- Born: 25 May 1972 Philippines
- Died: 16 July 2023 (aged 51) Quezon City, Philippines
- Occupations: Actor, director
- Known for: That's Entertainment
- Relatives: Phillip Salvador (uncle)

= Ricky Rivero =

Filipino actor and film director (1972–2023)

Ricky Salvador Rivero (May 25, 1972 – July 16, 2023) was a Filipino actor and director.

==Career==
Rivero started his acting career as a child actor in the 1978 FPJ film Patayin si... Mediavillo. He was best known for appearing in German Moreno's variety show That's Entertainment which aired in 1986 until on GMA. He also did appearances in other GMA television shows, as well as in ABS-CBN's. He also did acting roles for feature films, starring in Ninja Kids and Samurai Sword.

Rivero was also a television director and was responsible for overseeing the production of Kokey (2007), Forevermore (2014), and Mula sa Puso (2011).

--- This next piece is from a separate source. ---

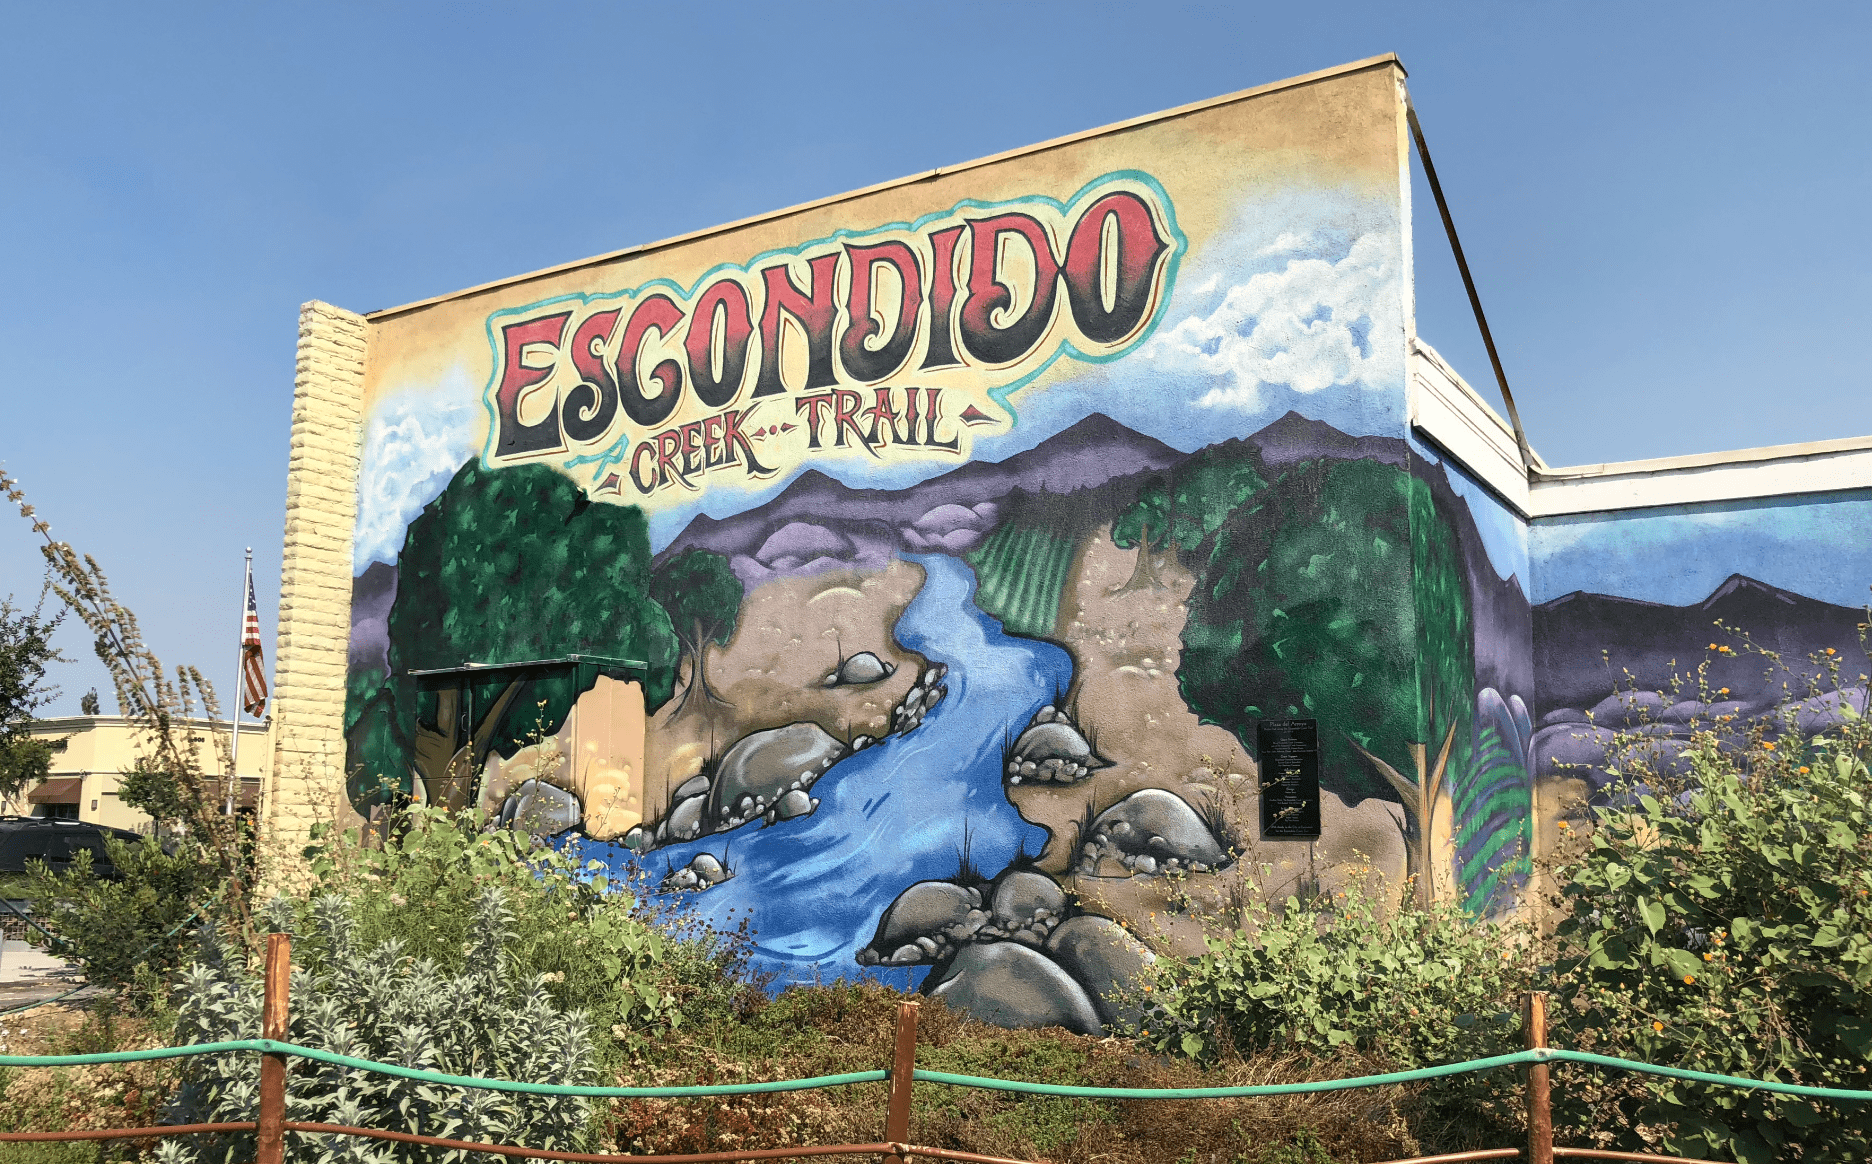 A large mural of a river, surrounded by trees and boulders leads up from the bottom of a concrete wall, disappearing into a mountain range.

The 2023 work D' Aswang Slayerz which starred Mel Martinez, marked Rivero's debut as a film director.

==Personal life and death==
Rivero was openly gay and had a partner. His uncle, Phillip Salvador is also an actor.

On June 13, 2011, Rivero survived a stabbing incident. He was able to bring himself to a hospital despite sustaining multiple wounds reportedly inflicted by a former friend he knew from Facebook.

Rivero suffered a stroke in 2015, which he recovered from after months of treatment. However, he subsequently had difficulties in walking and had to use a wheelchair occasionally. In May 2023, Rivero was confined to the Philippine Heart Center in Quezon City after suffering from a second stroke and remained in the hospital throughout June. Rivero died on July 16, 2023, at the age of 51.